If `P` is any arbitrary point on the circumcirlce of the equllateral trangle of side length `l` units, then `| vec P A|^2+| vec P B|^2+| vec P C|^2` is always equal to `2l^2` b. `2sqrt(3)l^2` c. `l^2` d. `3l^2`

To solve the problem, we need to find the value of \( | \vec{PA} |^2 + | \vec{PB} |^2 + | \vec{PC} |^2 \) where \( P \) is any arbitrary point on the circumcircle of an equilateral triangle \( ABC \) with side length \( l \). ### Step-by-Step Solution: 1. **Understanding the Geometry**: - Let \( A, B, C \) be the vertices of the equilateral triangle inscribed in a circumcircle with radius \( R \). - The circumradius \( R \) of an equilateral triangle with side length \( l \) is given by the formula: \[ R = \frac{l}{\sqrt{3}} \] 2. **Positioning the Triangle**: - Place the triangle in the coordinate system such that the centroid (which is also the circumcenter for an equilateral triangle) is at the origin \((0, 0)\). - The coordinates of the vertices can be represented as: \[ A = \left( \frac{l}{2}, \frac{l\sqrt{3}}{6} \right), \quad B = \left( -\frac{l}{2}, \frac{l\sqrt{3}}{6} \right), \quad C = \left( 0, -\frac{l\sqrt{3}}{3} \right) \] 3. **Finding the Distances**: - Let \( P \) be any point on the circumcircle.

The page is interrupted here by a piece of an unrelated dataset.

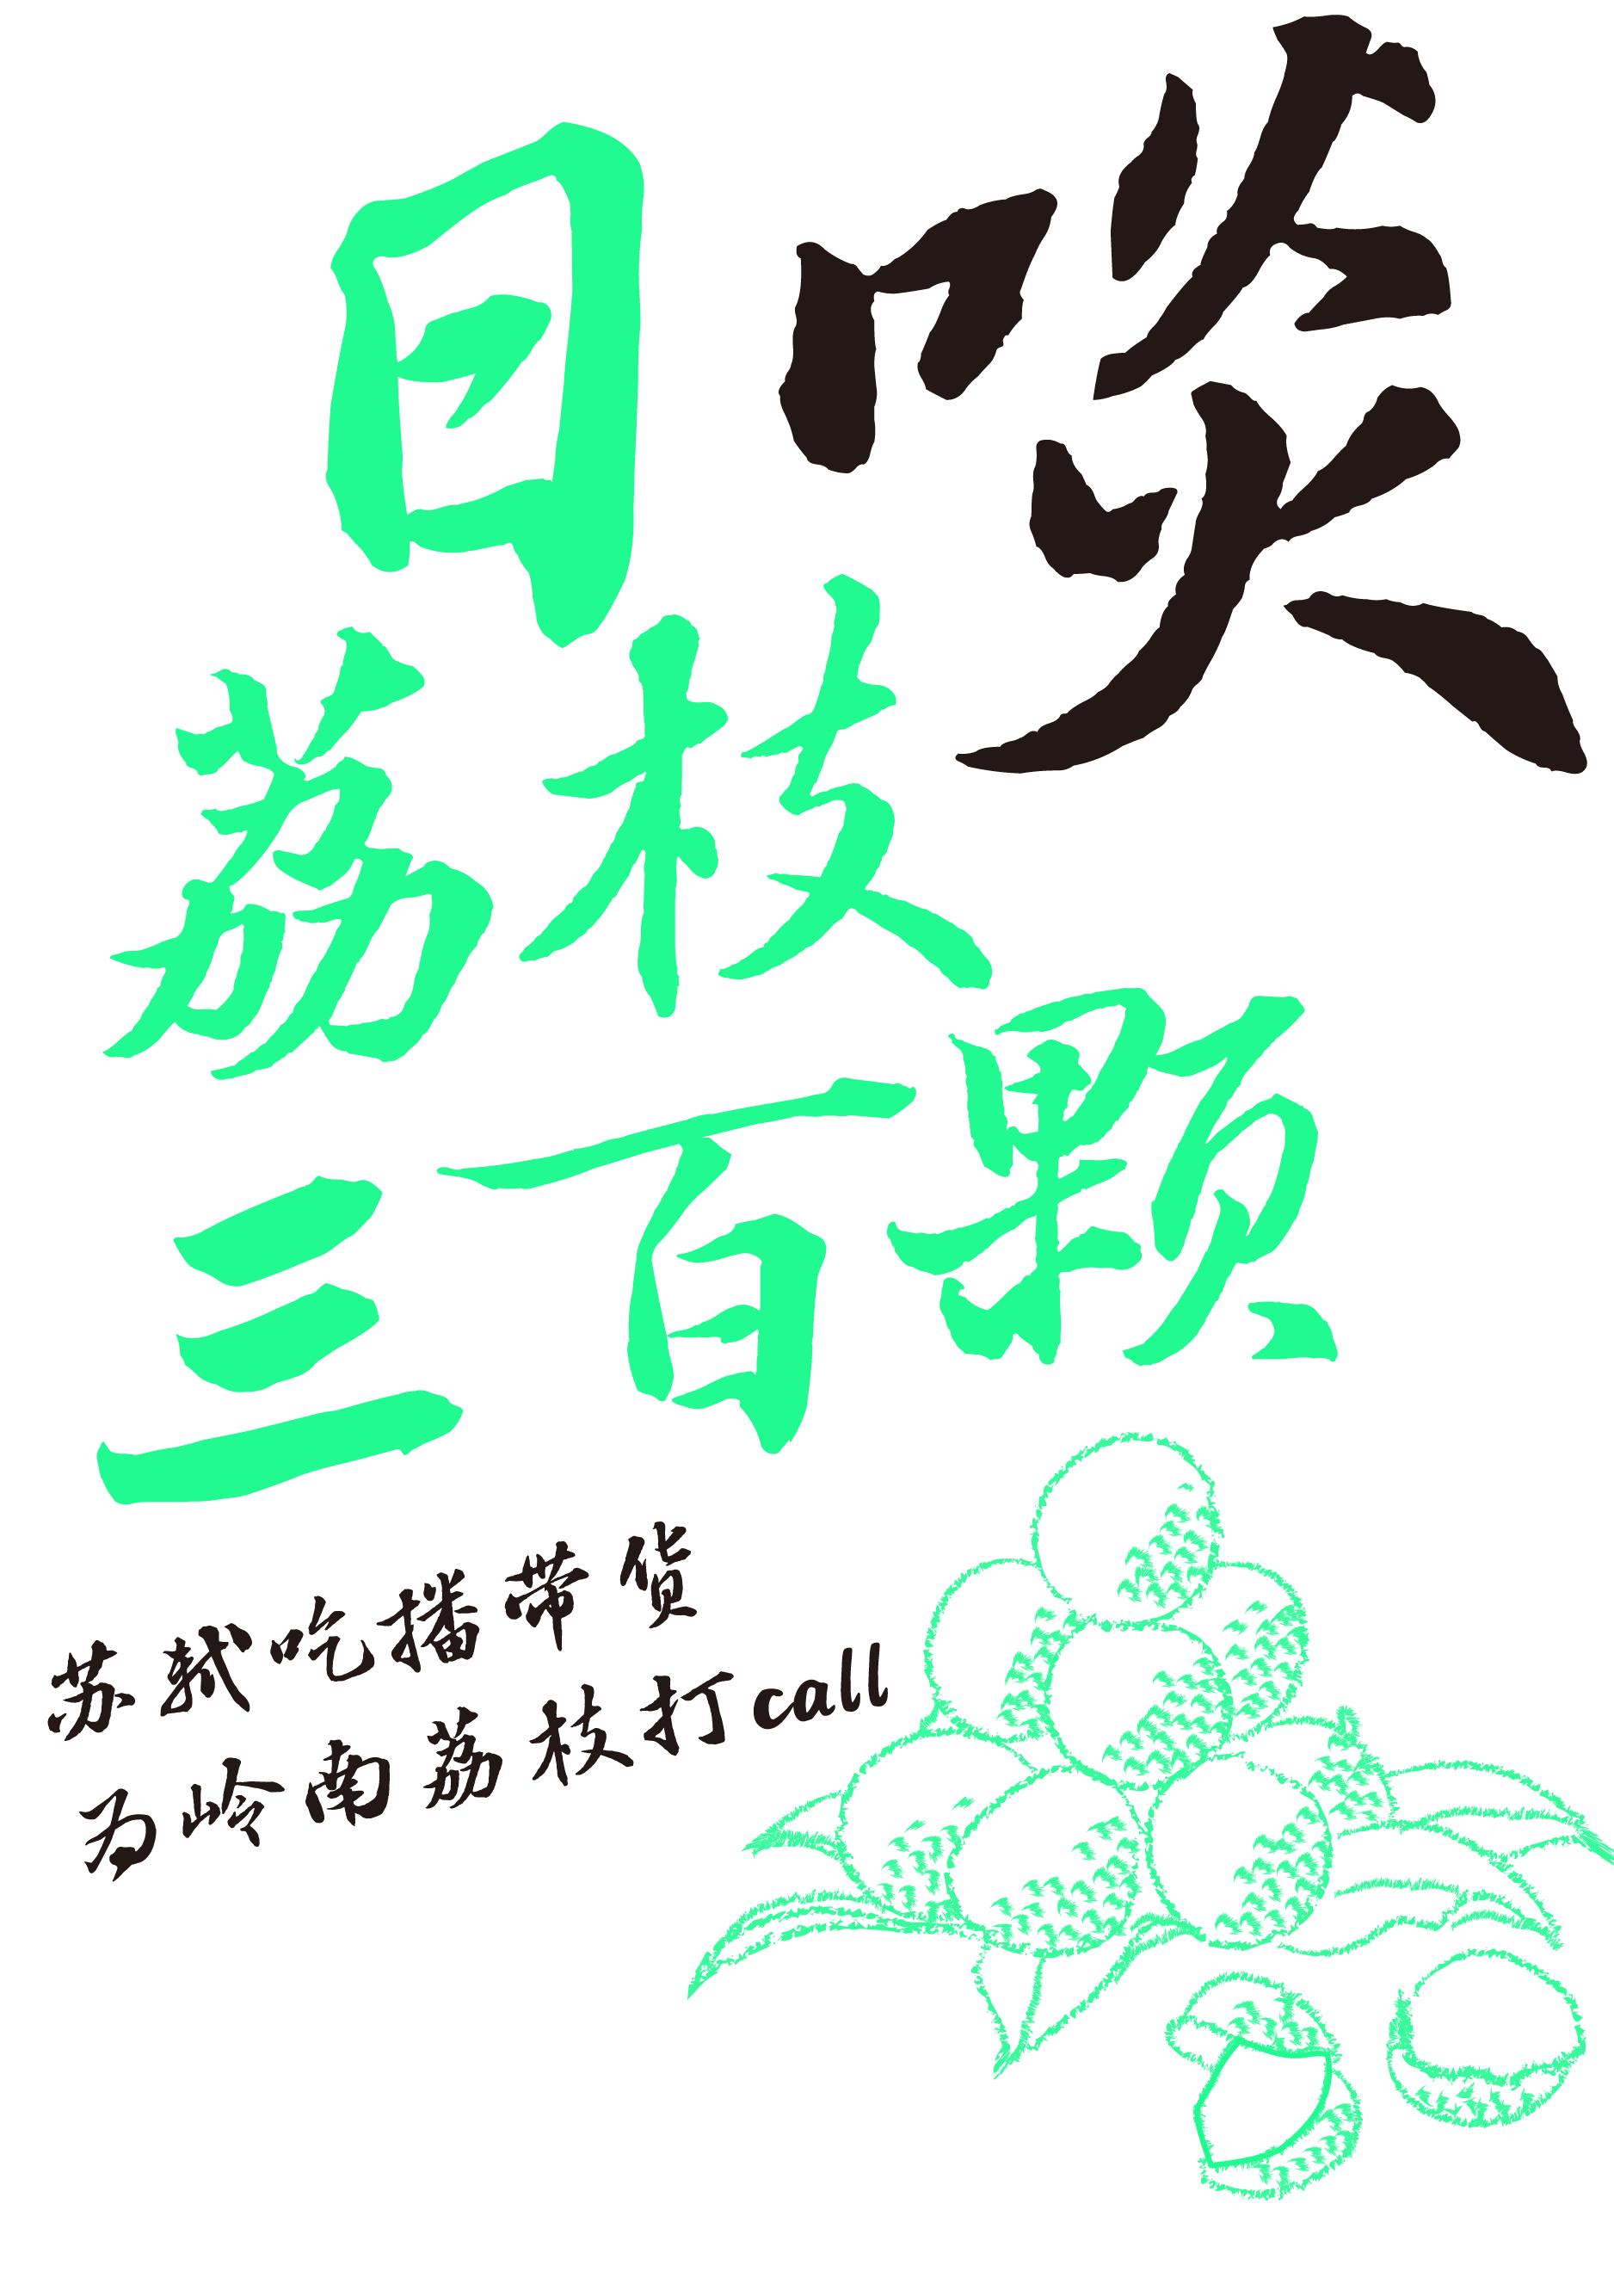 https://cdn1.zijia.com.cn/Public/Uploads/mainsort/mainsort_1602816058_8050.png

The squared distances from \( P \) to each vertex can be expressed as: \[ | \vec{PA} |^2 = |P - A|^2, \quad | \vec{PB} |^2 = |P - B|^2, \quad | \vec{PC} |^2 = |P - C|^2 \] 4. **Using the Distance Formula**: - The squared distance from point \( P(x, y) \) to point \( A \) is: \[ | \vec{PA} |^2 = (x - \frac{l}{2})^2 + \left(y - \frac{l\sqrt{3}}{6}\right)^2 \] - Similarly, calculate \( | \vec{PB} |^2 \) and \( | \vec{PC} |^2 \). 5. **Summing the Distances**: - We need to sum these squared distances: \[ | \vec{PA} |^2 + | \vec{PB} |^2 + | \vec{PC} |^2 \] 6. **Using the Property of the Circumcircle**: - By the property of the circumcircle of an equilateral triangle, the sum of the squared distances from any point \( P \) on the circumcircle to the vertices \( A, B, C \) is constant and can be derived as: \[ | \vec{PA} |^2 + | \vec{PB} |^2 + | \vec{PC} |^2 = 3R^2 + 3| \vec{OP} |^2 \] - Since \( P \) lies on the circumcircle, \( | \vec{OP} | = R \). 7. **Substituting Values**: - Substitute \( R = \frac{l}{\sqrt{3}} \): \[ | \vec{PA} |^2 + | \vec{PB} |^2 + | \vec{PC} |^2 = 3 \left( \frac{l^2}{3} \right) + 3 \left( \frac{l^2}{3} \right) = 2l^2 \] ### Conclusion: Thus, the expression \( | \vec{PA} |^2 + | \vec{PB} |^2 + | \vec{PC} |^2 \) is always equal to \( 2l^2 \). ### Final Answer: The correct option is **a. \( 2l^2 \)**.